Neoliberalisme - ook wel 'klassiek liberalisme' genoemd omdat het leent van filosofische principes uit de 18e eeuw - was in de eerste plaats een economische denkrichting in zijn oorspronkelijke vorm. Het neoliberalisme benadrukte het belang van deregulering van markten en privatisering van openbare instellingen. De overgang van deze filosofie van economie naar een politieke beweging is de laatste jaren in een stroomversnelling geraakt met de opkomst van het libertarisme in de Verenigde Staten, gepopulariseerd door personen als Rep.
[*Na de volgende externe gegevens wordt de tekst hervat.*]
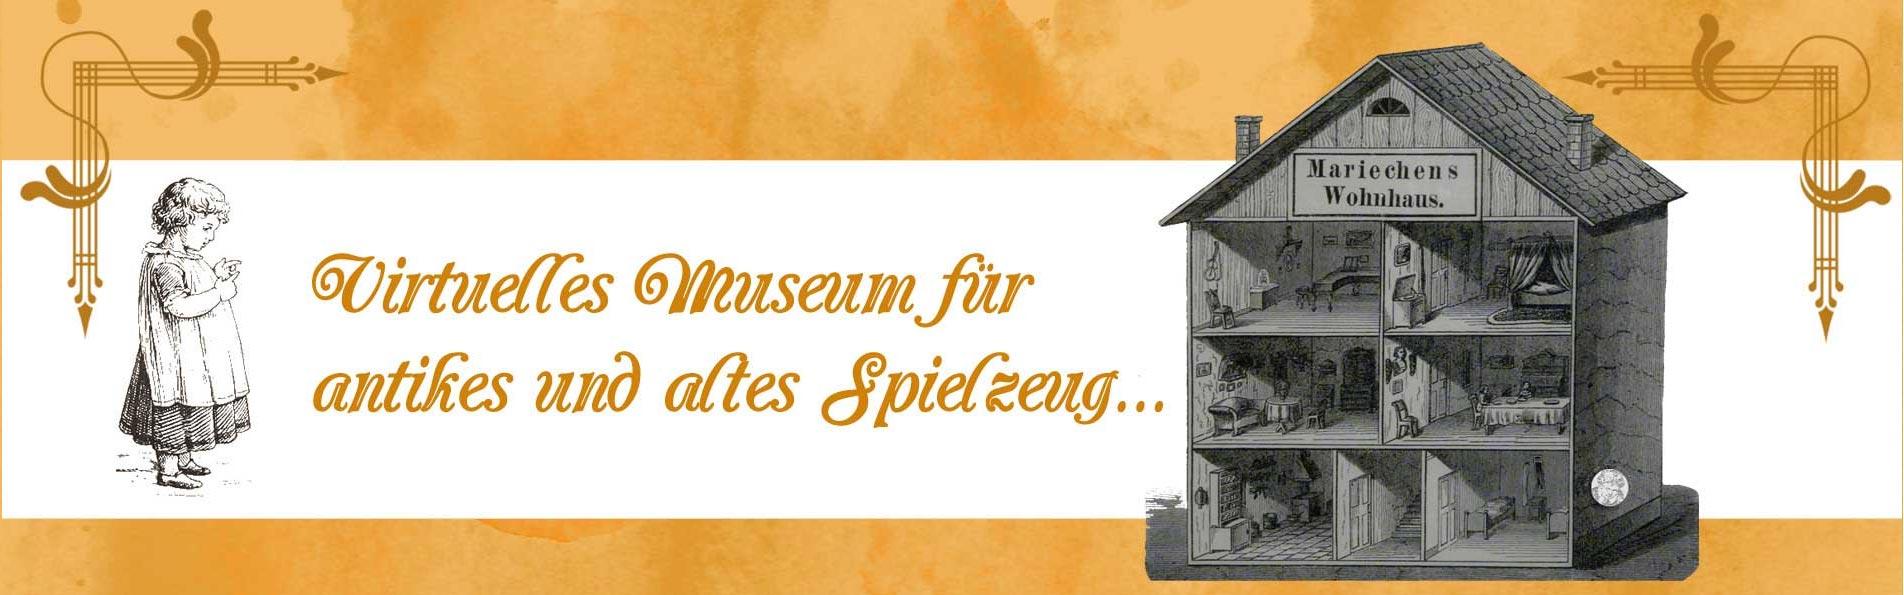 Virtuelles Museum für antikes und altes Spielzeug und vieles anderes mehr von Sylvia Wentzlau

Ron Paul en gouverneur Gary Johnson. Hoewel moderne libertairen kunnen worden gelijkgesteld met wat wordt beschouwd als "modern conservatisme" (hoewel deze ideeën liberaal zijn voor sommige economische beleidsmaatregelen, zijn zij het sterk oneens met beleidsmaatregelen die de rol van de staat in het privéleven van burgers relateren - meer specifiek, de rechten van burgers om vrij te trouwen, niet het onderwerp van overheidstoezicht te zijn en vrijelijk verboden substanties zoals marihuana te kopen en produceren Het individu is de ware arbiter van een vrije samenleving in zowel economische als politieke termen in de ogen van neoliberalen, klassieke liberalen, en libertariërs.
Zoals men kan afleiden, is de term 'liberaal' niet bepaald een cookie cutter label dat de diverse aard van de filosofische traditie voldoende beschrijft. De volgende keer dat iemand deze term in een gesprek probeert te gebruiken, moet je ze uitdagen door het te vragen, "Over wat voor liberaal heb je het?"